On 12 Apr 2005, at 18:26, Valeri Astanoff wrote:

> Dear group,
>
> Could anyone prove or disprove this equality, at least for z being real
> :
>
> Sum[Exp[-((z - k)^2/2)], {k, -Infinity, Infinity}] ==
>  Sqrt[2*Pi] + Cos[2*Pi*z]*(EllipticTheta[3, 0, 1/Sqrt[E]] - Sqrt[2*Pi])
>
> ?
>
>
> Valeri
>
>
>

Here is a sketch of an attempted proof. It is only a sketch (I do not 
have much free time to spend on this) and I have not checked all the 
details but I am pretty sure it can be made rigorous..

First, suppose that z is not just real but an integer. In this case 
Mathematica gives:


FullSimplify[Sum[Exp[-((z - k)^2/2)], {k, -Infinity, Infinity}] ==
    Sqrt[2*Pi] + Cos[2*Pi*z]*(EllipticTheta[3, 0, 1/Sqrt[E]] - 
Sqrt[2*Pi]), z $B":(B Integers]


Sum[E^((-(1/2))*(z - k)^2), {k, -Infinity, Infinity}] == 
EllipticTheta[3, 0, 1/Sqrt[E]]

Now, this has to be true, because since z is an integer the sum 
Sum[E^((-(1/2))*(z - k)^2), {k, -Infinity, Infinity}]  is the same as 
the sum
Sum[E^((-(1/2))*s^2), {s, -Infinity, Infinity}] and for this 
Mathematica gives


Sum[E^((-(1/2))*s^2), {s, -Infinity, Infinity}]

EllipticTheta[3, 0, 1/Sqrt[E]]

So the identity is true for integer z.

Now consider the function

f[z_] := Sum[E^((-(1/2))*(z - k)^2),
     {k, -Infinity, Infinity}] - Cos[2*Pi*z]*
     (EllipticTheta[3, 0, 1/Sqrt[E]] - Sqrt[2*Pi])

We would like to prove that it is equal to Sqrt[2 Pi] for every z. We 
know the function is equal to 2Pi for every integer z. (In fact it is 
easy to show that it is an even periodic function with period 1).
We can also show that it's derivative at every integer 0 is zero. For 
example, we have


D[f[z], z]


2*Pi*(-Sqrt[2*Pi] + EllipticTheta[3, 0, 1/Sqrt[E]])*
    Sin[2*Pi*z] + Sum[(k - z)/E^((1/2)*(z - k)^2),
    {k, -Infinity, Infinity}]

If z is an integer Sin[2*Pi*z] is certianly 0. Also Sum[(k - 
z)/E^((1/2)*(z - k)^2),{k, -Infinity, Infinity}] is also obviously 0.
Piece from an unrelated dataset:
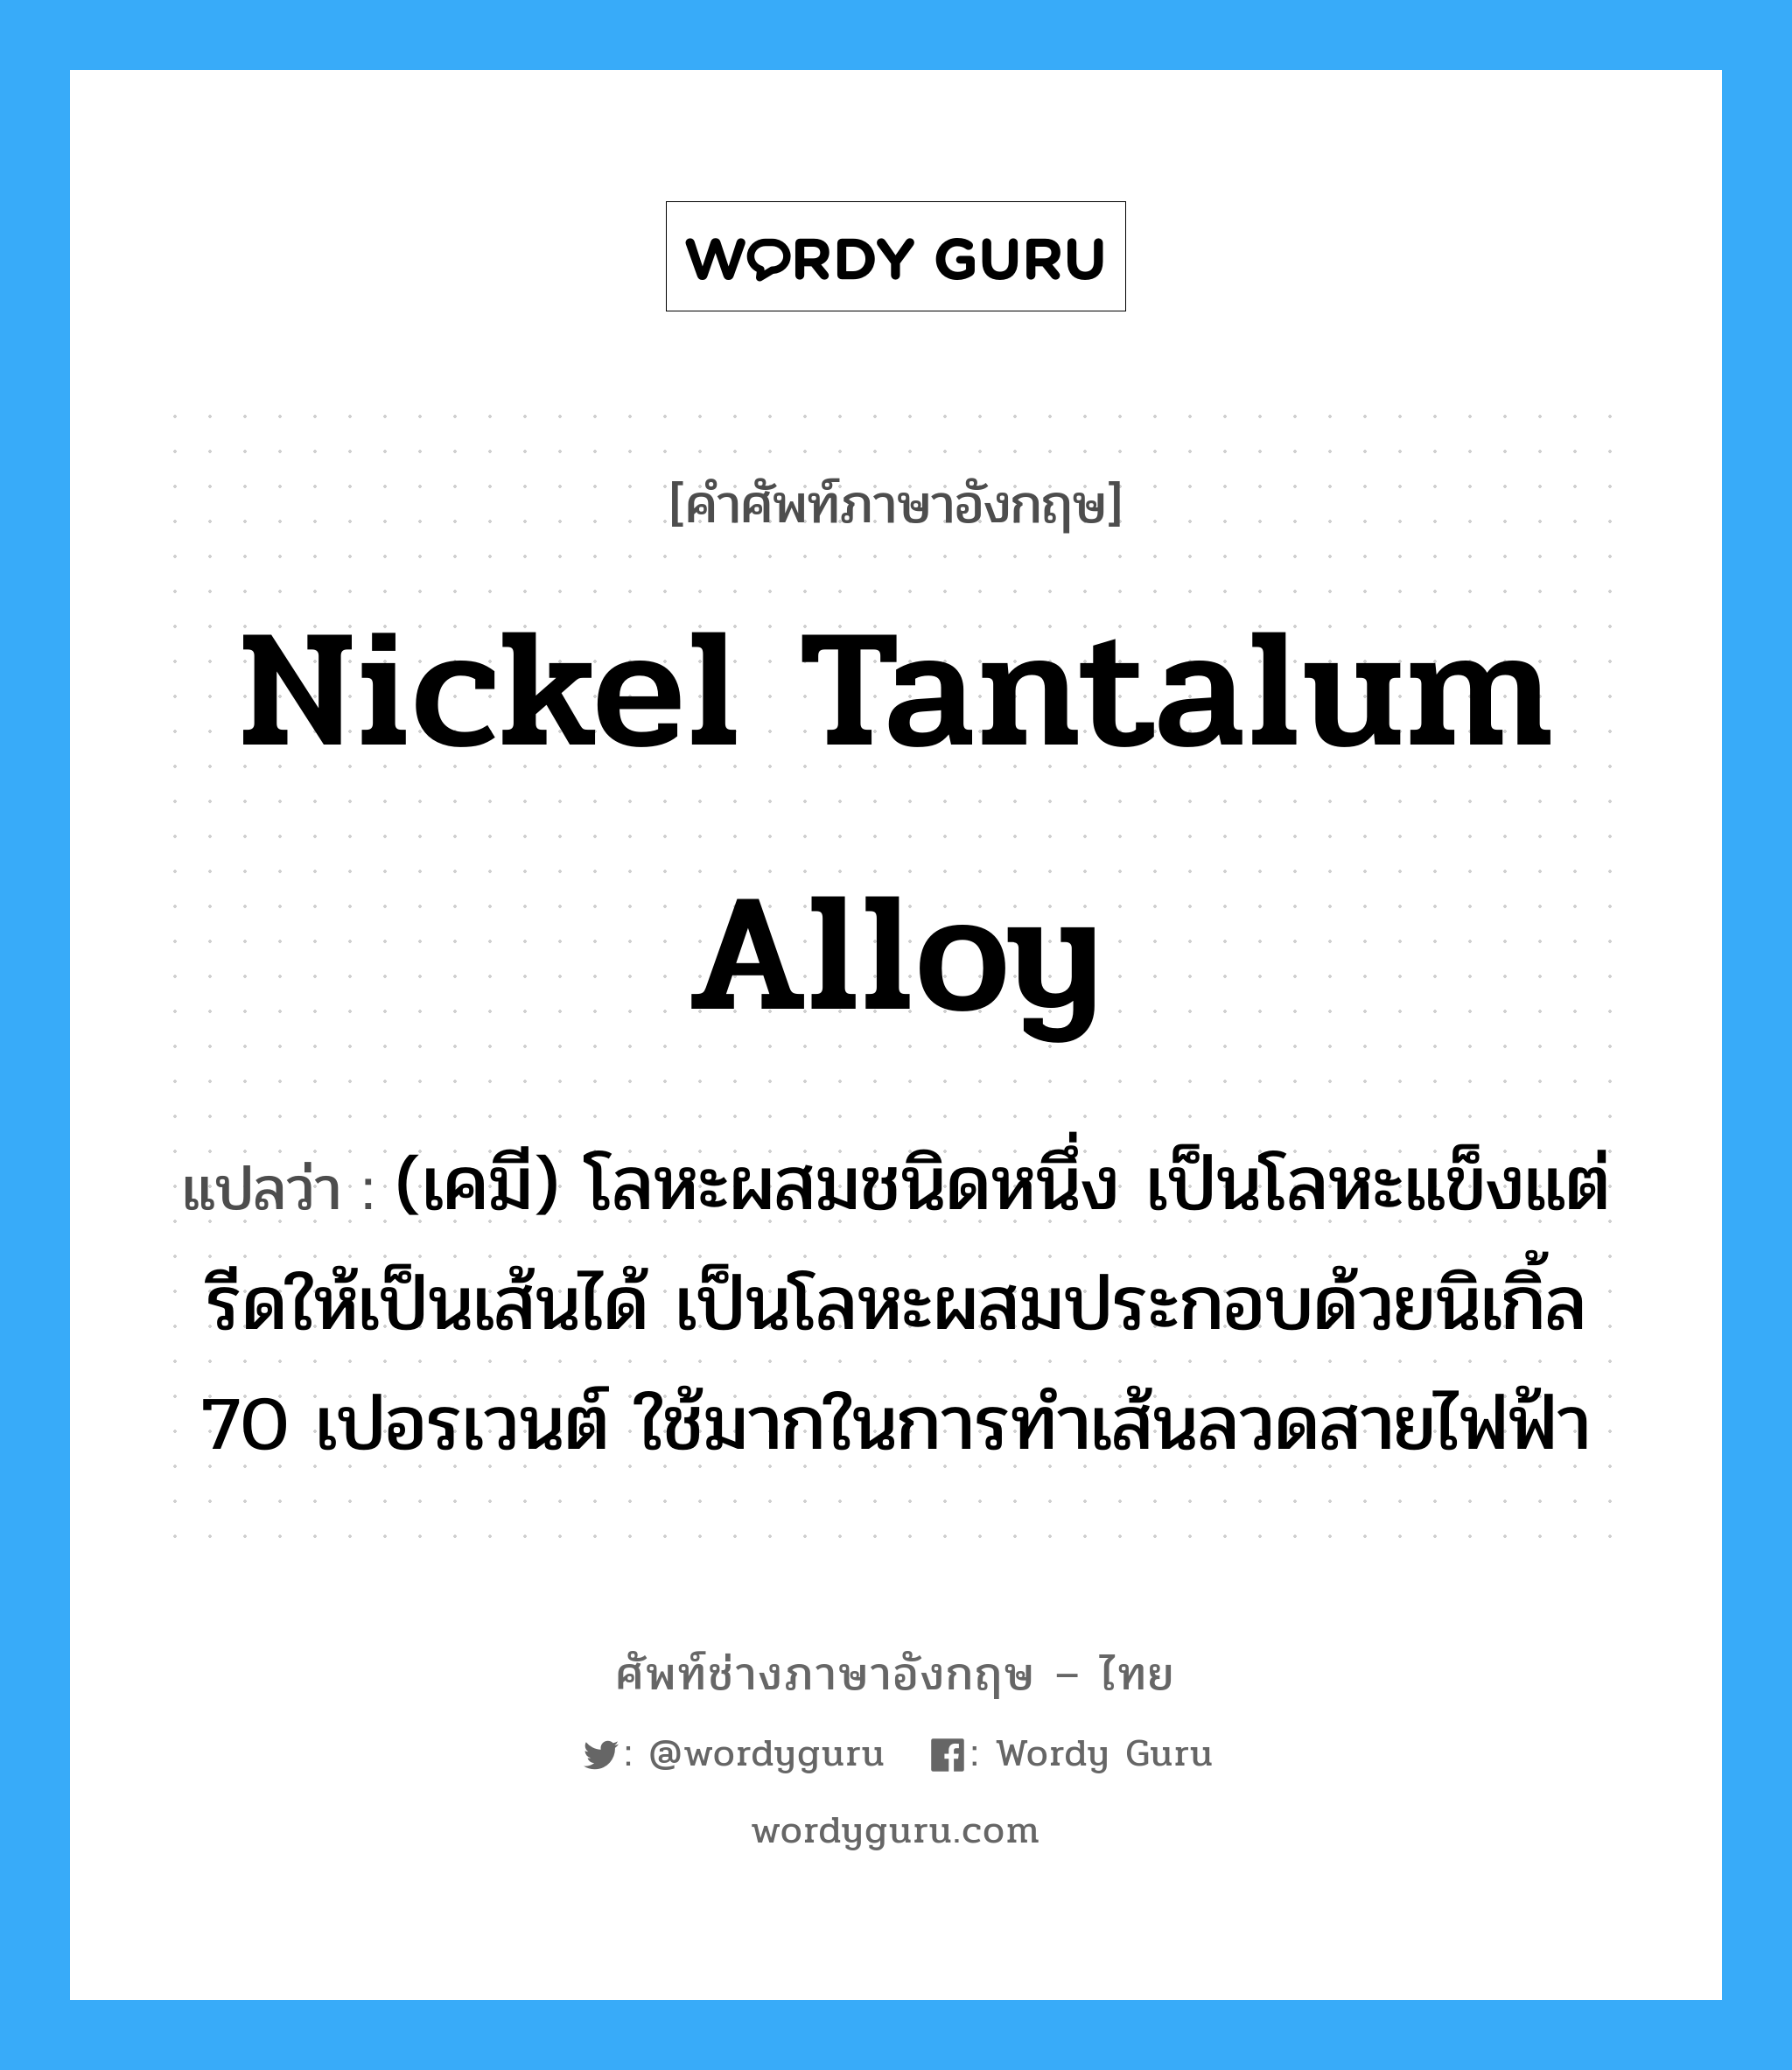 nickel tantalum alloy แปลว่า?, คำศัพท์ช่างภาษาอังกฤษ - ไทย nickel tantalum alloy คำศัพท์ภาษาอังกฤษ nickel tantalum alloy แปลว่า (เคมี) โลหะผสมชนิดหนึ่ง เป็นโลหะแข็งแต่รีดให้เป็นเส้นได้ เป็นโลหะผสมประกอบด้วยนิเกิ้ล 70 เปอรเวนต์ ใช้มากในการทำเส้นลวดสายไฟฟ้า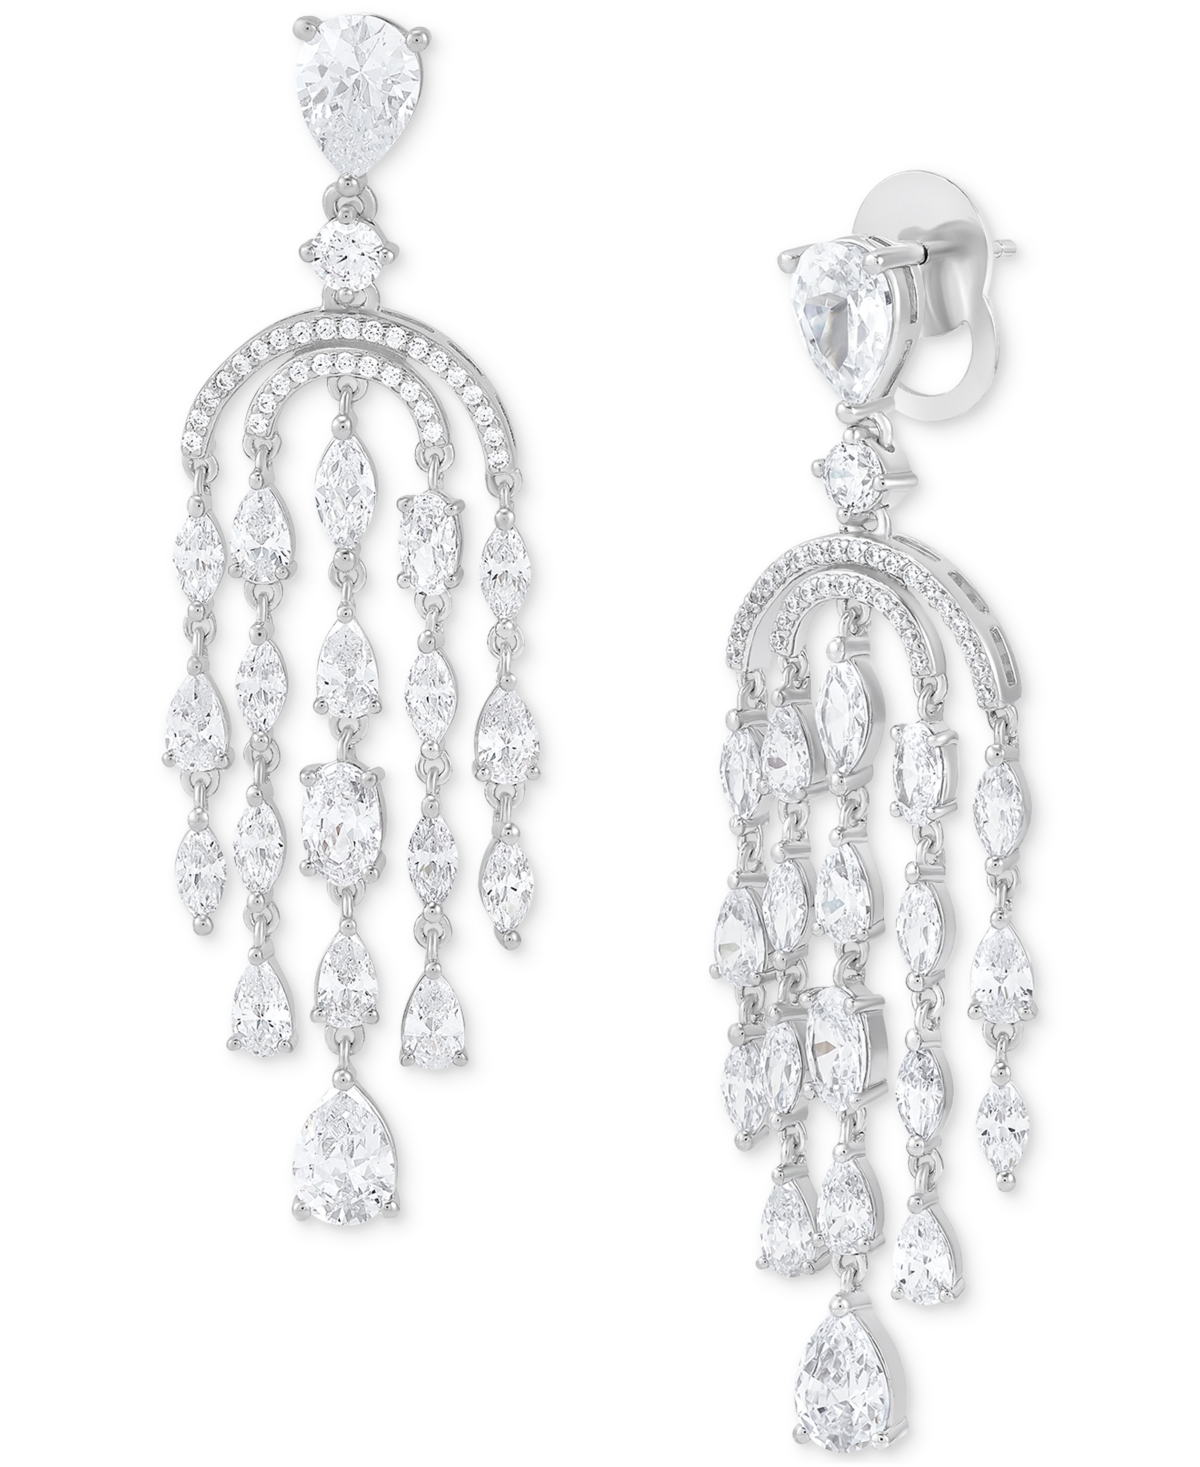 Cubic Zirconia Chandelier Drop Earrings in Sterling Silver - Sterling Silver

In fact Mathematica gives:


FullSimplify[D[f[z], z], z $B":(B Integers]


Sum[(k - z)/E^((1/2)*(z - k)^2), {k, -Infinity, Infinity}]

which clearly is 0 if z is an integer.

  For the second derivative we get:

D[f[z], {z, 2}]

4*Pi^2*(-Sqrt[2*Pi] + EllipticTheta[3, 0, 1/Sqrt[E]])*
    Cos[2*Pi*z] + Sum[(k - z)^2/E^((1/2)*(z - k)^2) -
     E^((-(1/2))*(z - k)^2), {k, -Infinity, Infinity}]

which again can be shown to be 0 for integer z by the above methods.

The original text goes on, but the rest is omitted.